We are discussing this subject because of people power. I underline that because those who get out and campaign, be they in Rossport or elsewhere, are never given the credit they deserve for forcing issues like this on to the agenda. The Minister for Communications, Energy and Natural Resources of all people should know and acknowledge that as a man who cut his political teeth in the resources protection campaigns in the 1970s where he made precisely the same arguments now being made by Shell to Sea, SIPTU and others about the potential give away of our natural resources. He argued at the time that we needed a regime that ensured real benefit to the citizens and economy and argued for a State company to manage the development of those resources. I do not understand how he has flipped to the degree he has from the position he once held.

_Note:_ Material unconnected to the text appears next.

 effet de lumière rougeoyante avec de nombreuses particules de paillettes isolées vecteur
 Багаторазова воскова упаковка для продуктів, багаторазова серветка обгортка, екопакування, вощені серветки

Let us be clear and dispel some of the myths about the current regime. The State will not receive 25% tax from the development of gas and oil resources and it will certainly not receive 40%. It is more likely to be around 7%. Where does that come from? The CEO of Enterprise Energy, the original company doing the Corrib gas field development, which was then bought by Shell, Brian O'Cathain, spoke in the IFI after the take-over and he estimated the tax revenue to the State over the lifetime of Corrib would be €340 million, despite the fact the estimated value of the Corrib field is somewhere between €5 billion and €7 billion. The likely tax benefit to the State will be between 3.5% and 7% at most, depending on gas and oil prices. That is the reality. The reason for that is the tax write-offs, where every cent the multinationals have invested in the last 25 years, or any losses in any exploration done anywhere around the country, can be written off against tax liability, meaning that for small and medium-sized fields, it is possible they will pay no tax or it will be years before they pay a single cent because they could write off all losses and capital costs going back 25 years. That is the current situation.

In response to questions from me and others, the Minister constantly talks about security of energy supply to this country in trying to justify the current regime. There is nothing in the current regime that guarantees any security of supply. Shell, Providence, Tullow or whatever company is involved, is under no obligation whatsoever to provide a single drop of gas or oil to the country. Incredibly, if gas or oil is developed on any significant scale, we will not see any reduction in energy costs, it will be privatised and sold at market prices. If we are not willing to pay the market price, it will be sold on the global market.